1. Learning Objectives

By completing this project, you will:

Build a working implementation of signal-aware process supervisor and verify it with deterministic outputs.
Explain the underlying Unix and terminal primitives involved in the project.
Diagnose common failure modes with logs and targeted tests.
Extend the project with performance and usability improvements.

2. All Theory Needed (Per-Concept Breakdown)

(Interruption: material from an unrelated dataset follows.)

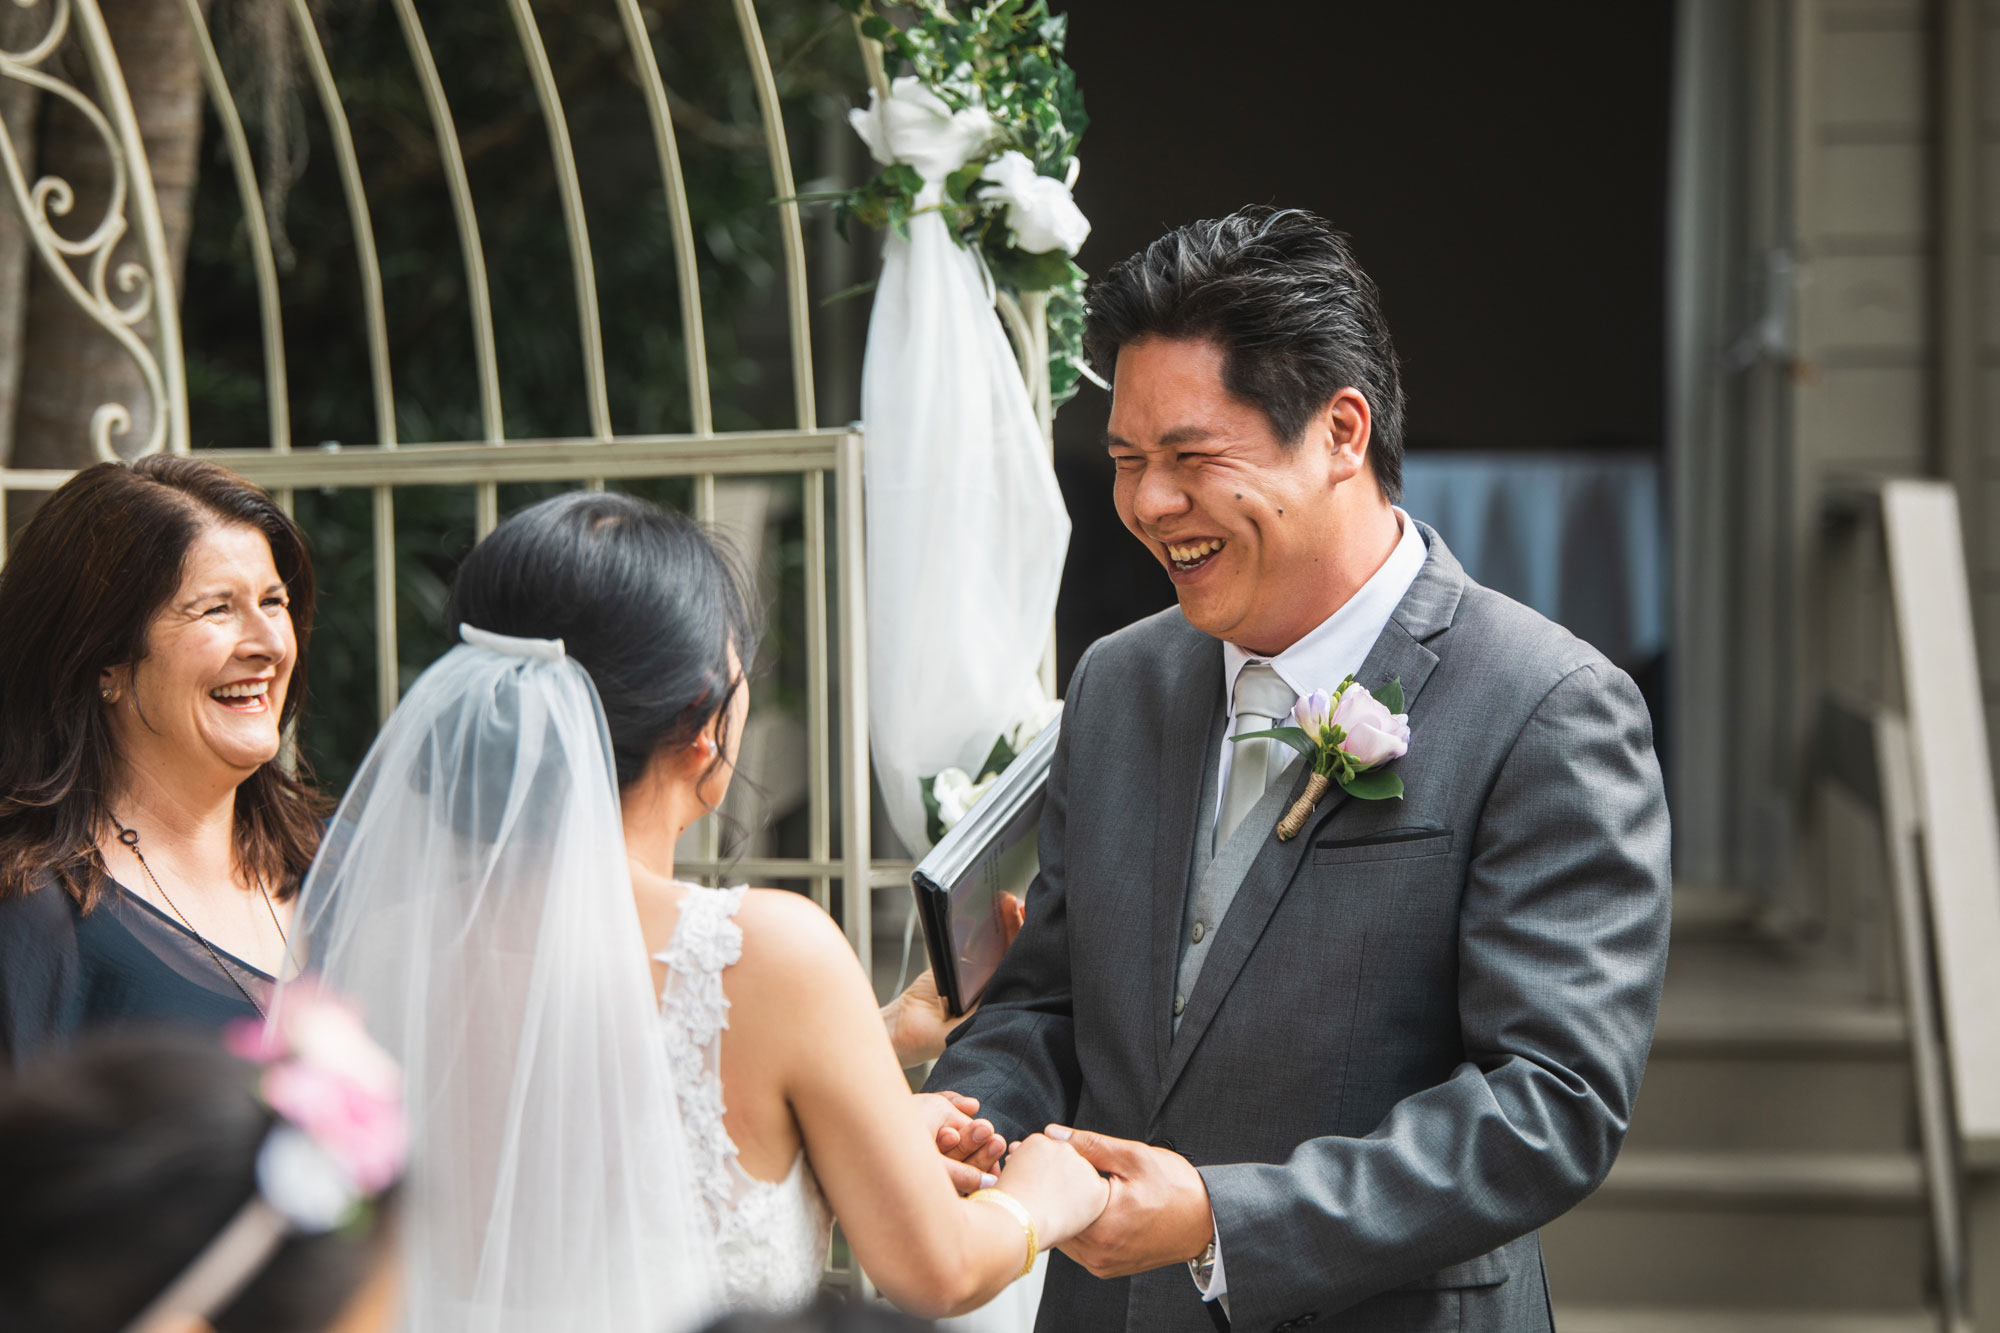 groom happily smiling at the wedding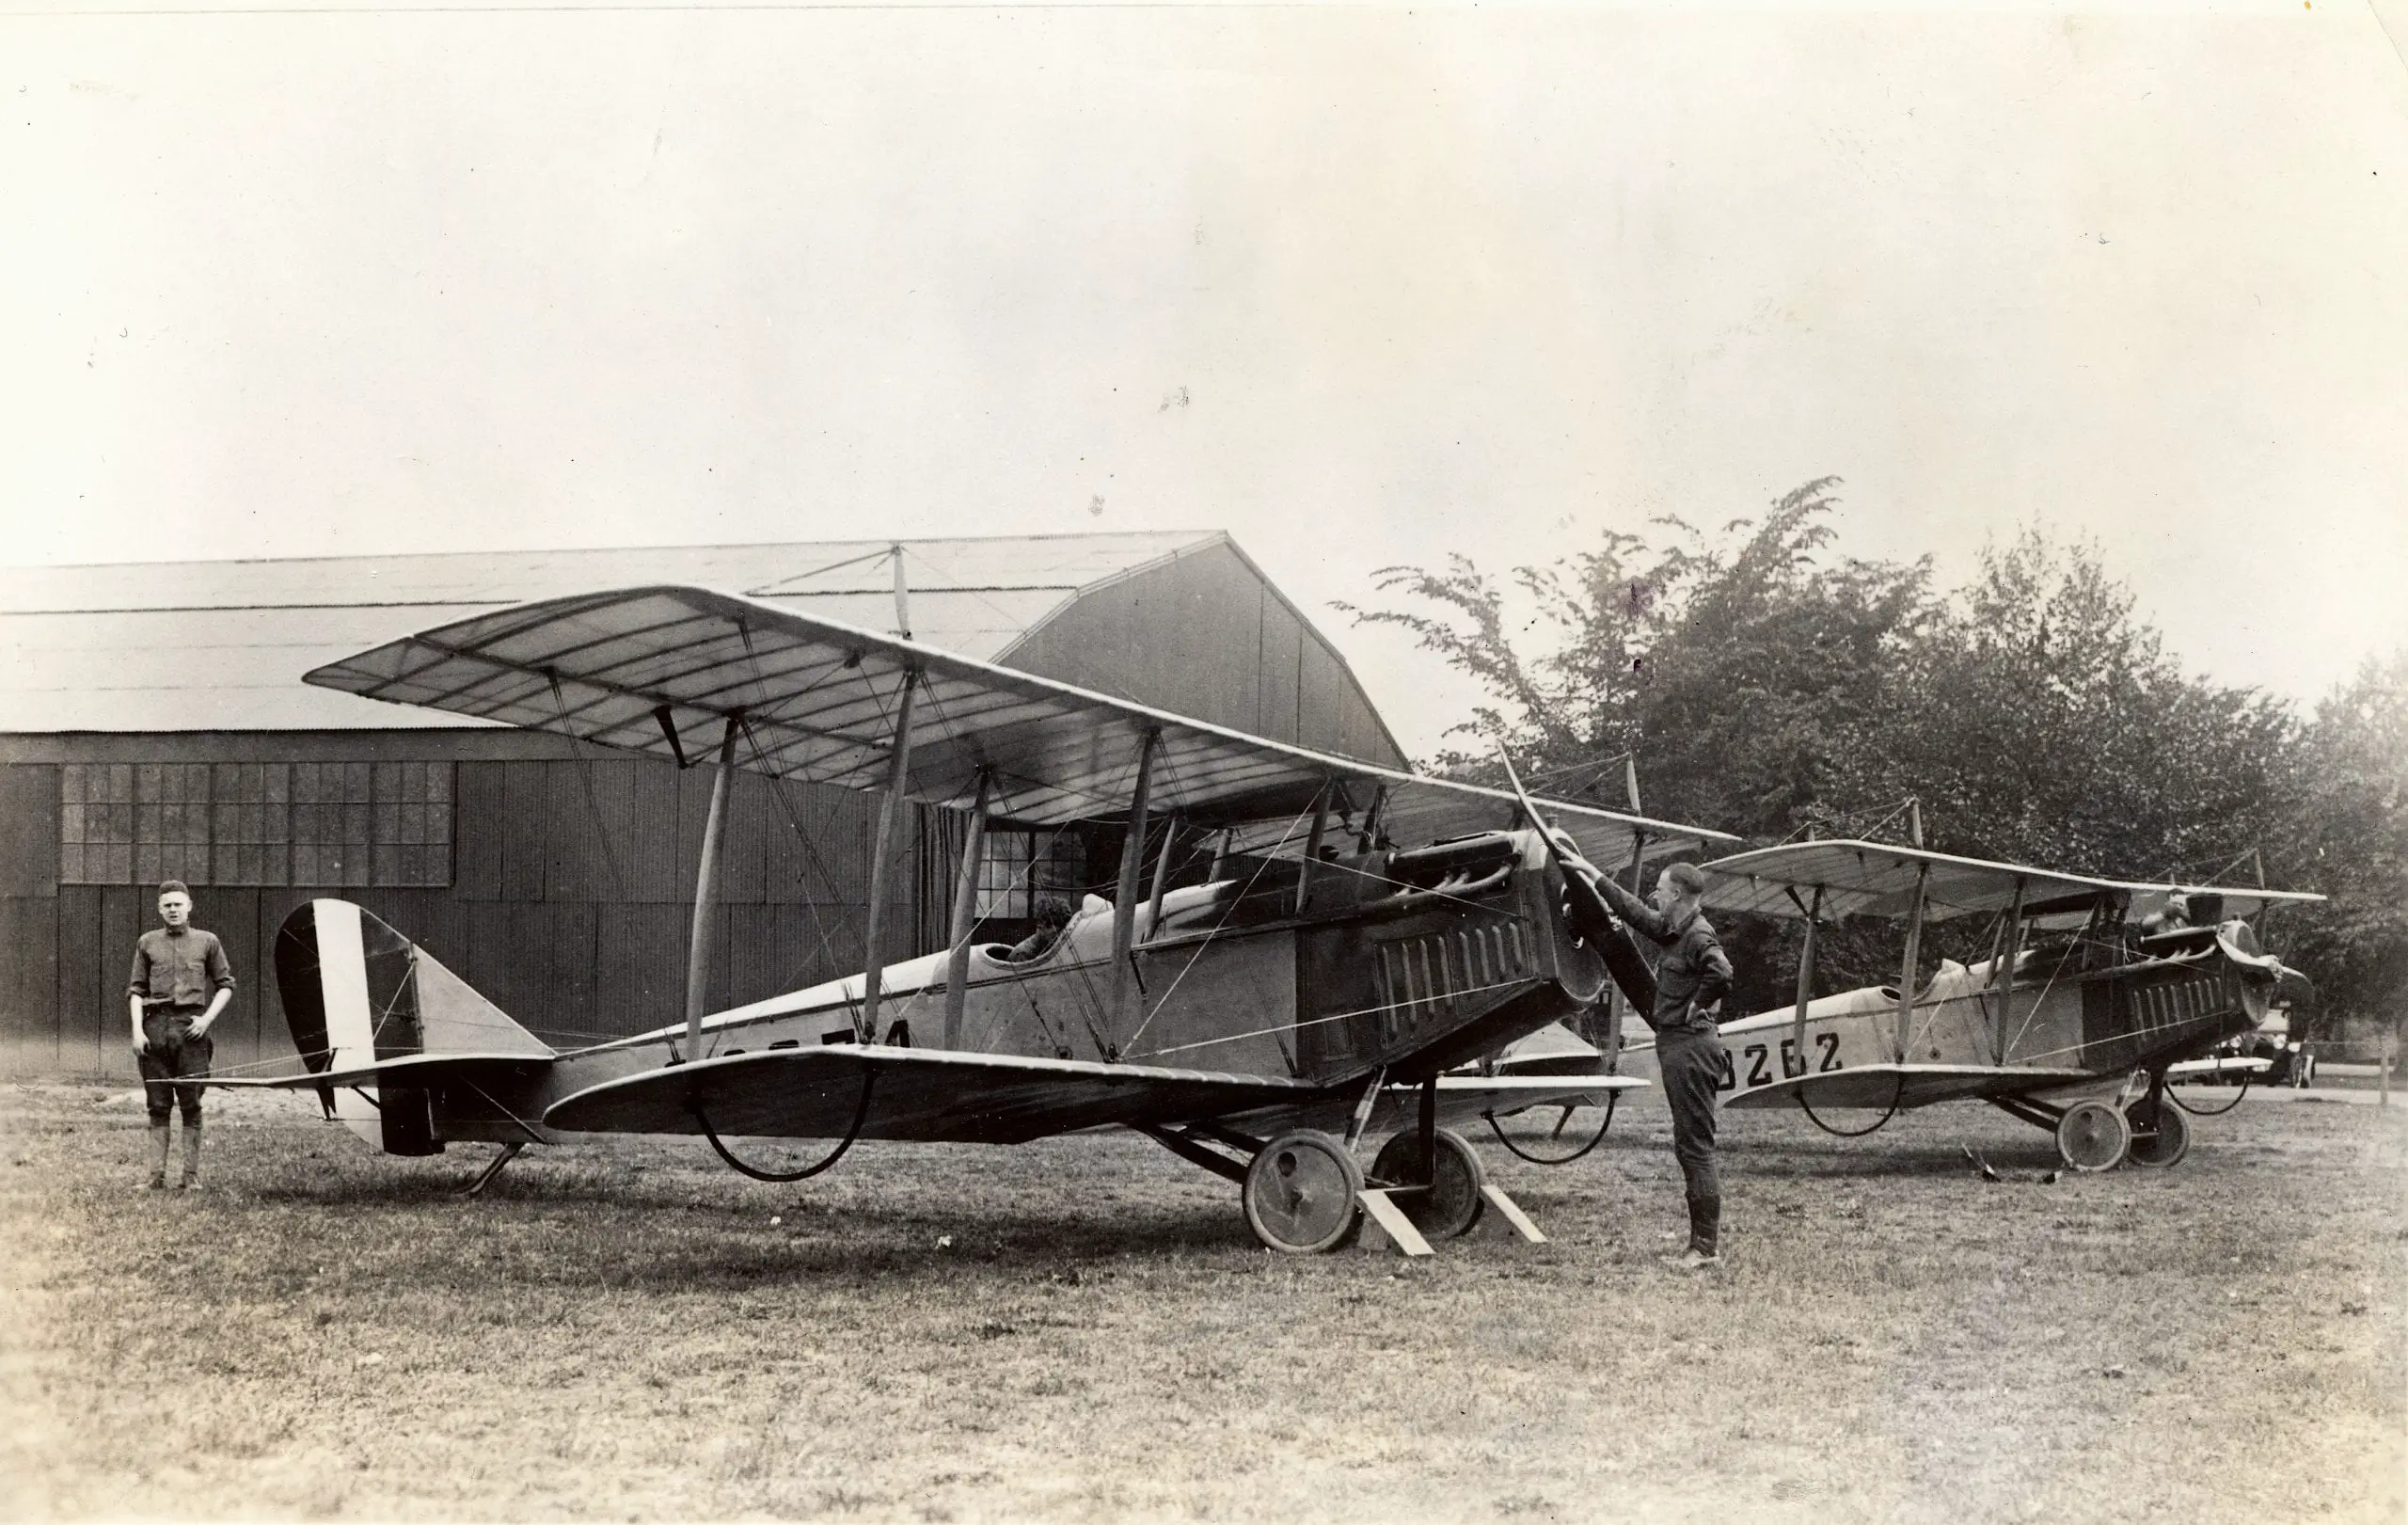 Two Curtiss JN-4H "Jenny" airmail planes parked at the temporary airmail field at Washington, DC’s Polo Field, a small strip of grassy land between the Tidal Basin and Potomac River.

Signal Propagation and Process Supervision

Fundamentals Signal Propagation and Process Supervision is the core contract that makes the project behave like a real terminal tool. It sits at the boundary between raw bytes and structured state, so you must treat it as both a protocol and a data model. The goal of the fundamentals is to understand what assumptions the system makes about ordering, buffering, and ownership, and how those assumptions surface as user-visible behavior. Key terms include: SIGCHLD, process group, waitpid, backoff, zombie. In practice, the fastest way to gain intuition is to trace a single input through the pipeline and note where it can be delayed, reordered, or transformed. That exercise reveals why Signal Propagation and Process Supervision needs explicit invariants and why even small mistakes can cascade into broken rendering or stuck input.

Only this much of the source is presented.